Socks missing: my fault. He forgot to turn the hob off when he was cooking rice: my fault, because I should have reminded him. My computer’s screen broke (because he fell one it): my fault, I should have shut the flap; Rains failed in Rajastahan, I was to balme, no rubber was tapped in Kerala… you get it, right. So supreme is his confidence in my abilities to wreak havoc that his mental faculties get too clouded to accept the obvious.

Not too long ago we moved into a new apartment. It came with all fittings and appliances. Along with it also came an unfathomable washing machine.

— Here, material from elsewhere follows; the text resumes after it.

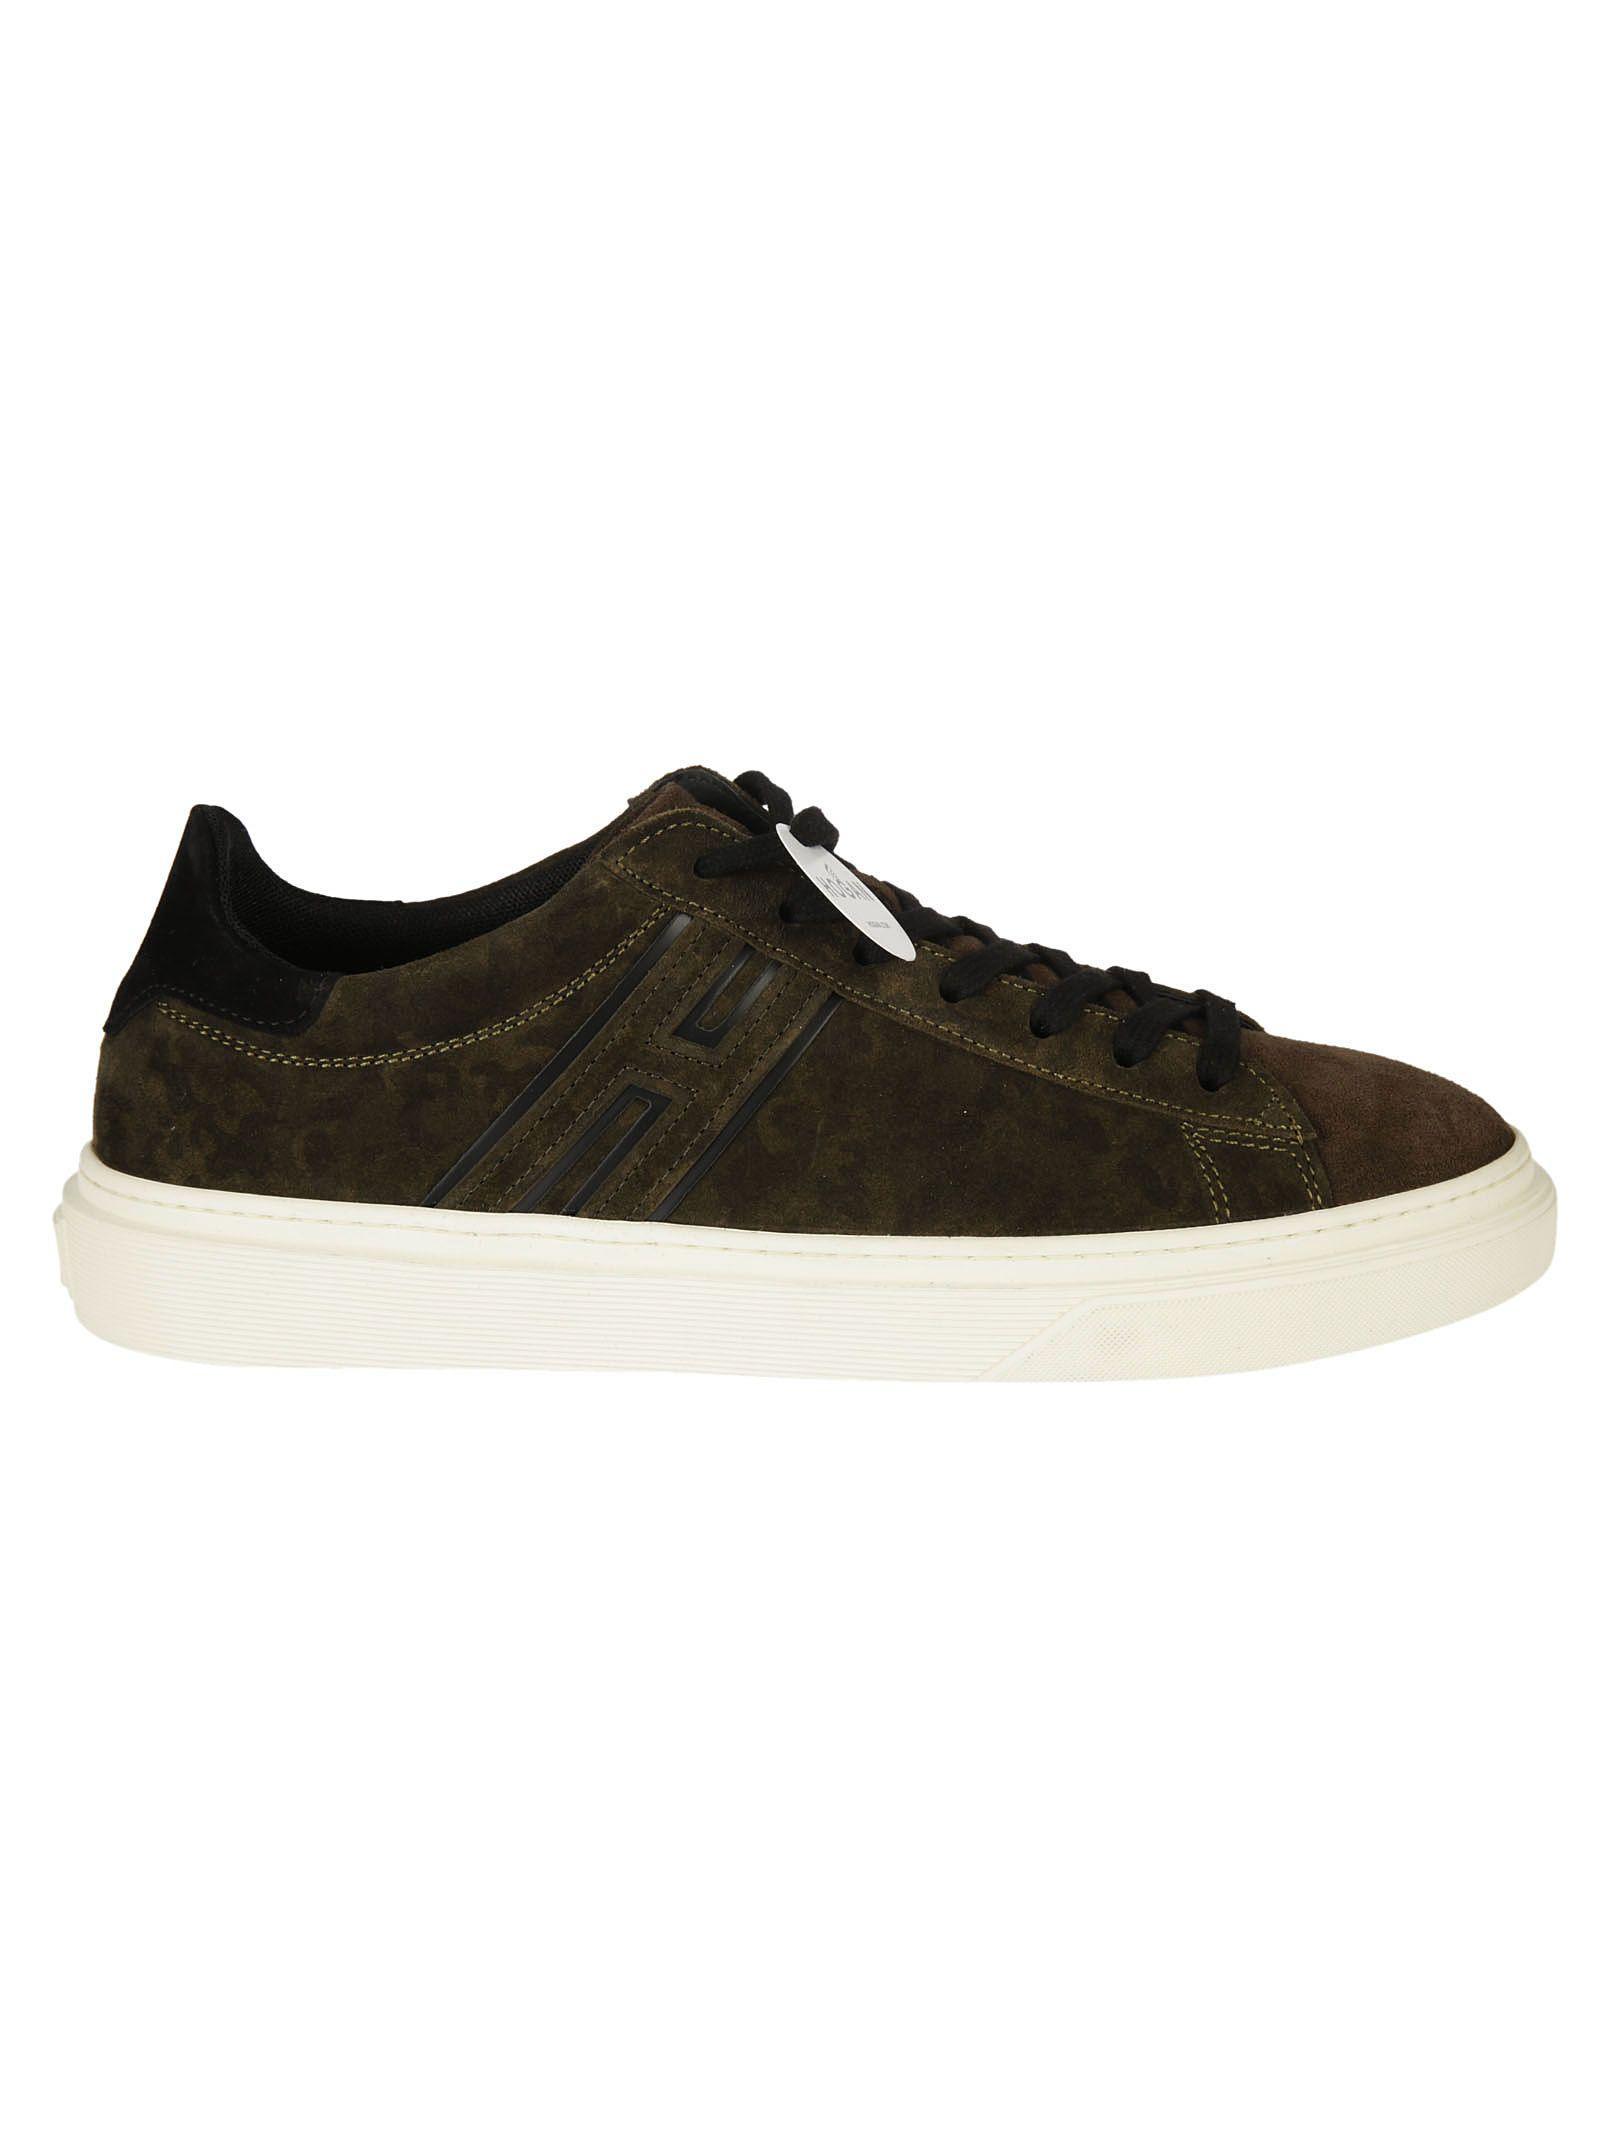 Shop Hogan H340 Sneakers In Verde-nero-moro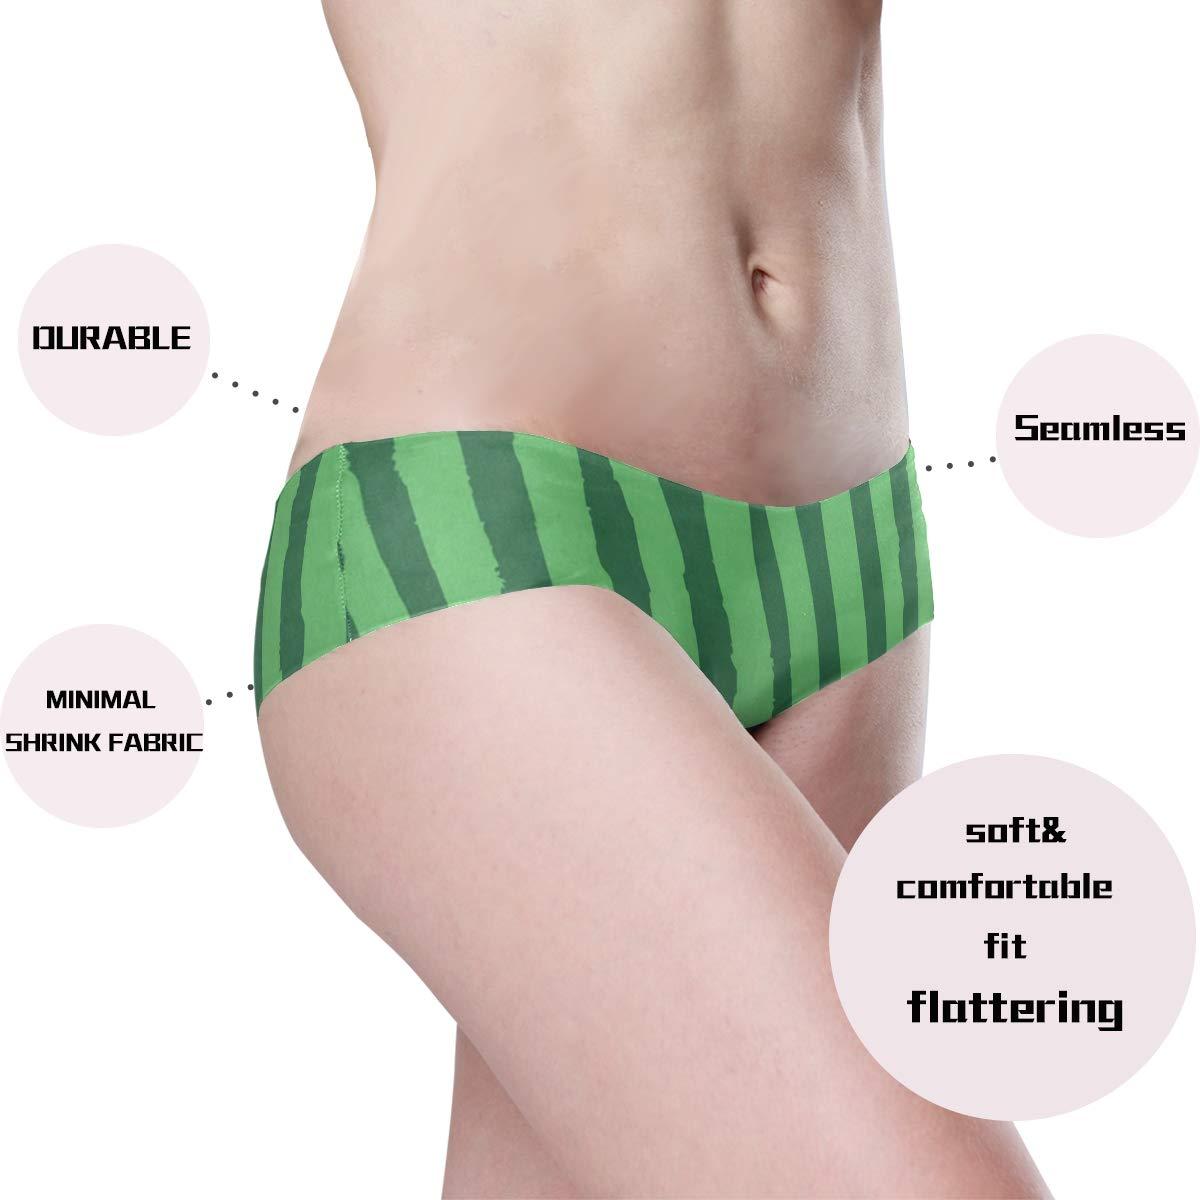 Watermelon Pattern Womens Underwear Seamless Cheeky Panties No Show Panty Lines

After many a trial and error and three laundry disasters later we finally figured it out. It was during one of those washing emergencies we clashed. I thought I had fixed the bloody contraption and we had with us a clean load; while he pointed out that it wasn’t so. Evidence: his (torn) jeans which still had muddy stains on them. With incriminating evidence in front of me, I acquiesced that it did seem to be the case and came to the conclusion that the machine was still acting up.

Now anyone would thing matters ended there, but NO. Patidev suggested that I had forgotten to put the piece of clothing in the machine. I calmly replied that such wasn’t the case. I got a smirk for a reply. Now any man who’s observed women long enough would know that a SMIRK goes a long way in fanning very negative passions in the most calm of matronly souls. And I am but one!

With many a suppressed emotions, I reiterated that the confounded pair had indeed seen the inside of the washing machine and due to mechanical malfunction of the latter came out unwashed. Again, anyone in their right minds, would let it go. But not my warrior prince from the jungles of central Travancore.

Cutting a long story short and blazing row ensued. As again, I was held blameworthy, while the blasted washing machine escaped unscathed!

Most times when there is peace, there is perfect understanding. Till of course comes the next fight. In those times, tails he wins, heads I lose (literally as well!). Imagine being stuck in this conundrum when you have grown up in a house where you were accused of assuming you were always right! Gosh that takes for a lot of adjusting.

The hubby for all this darling ways, like I proved, is convinced that I am mostly wrong, on some rare occasions, when I am not wrong we are both right. Every time I get stuck in this conundrum I think of The Box. Before you think that some metaphysical lecture that is coming your way, relax. It is a movie that I am talking of. The film held much promise and delivered as far as I was concerned but others disagreed ("others" being the husband), which is surprising and I will tell you why. If you took off the science-fiction and psychological garb off it, the plot was fairly simple. Women cause trouble!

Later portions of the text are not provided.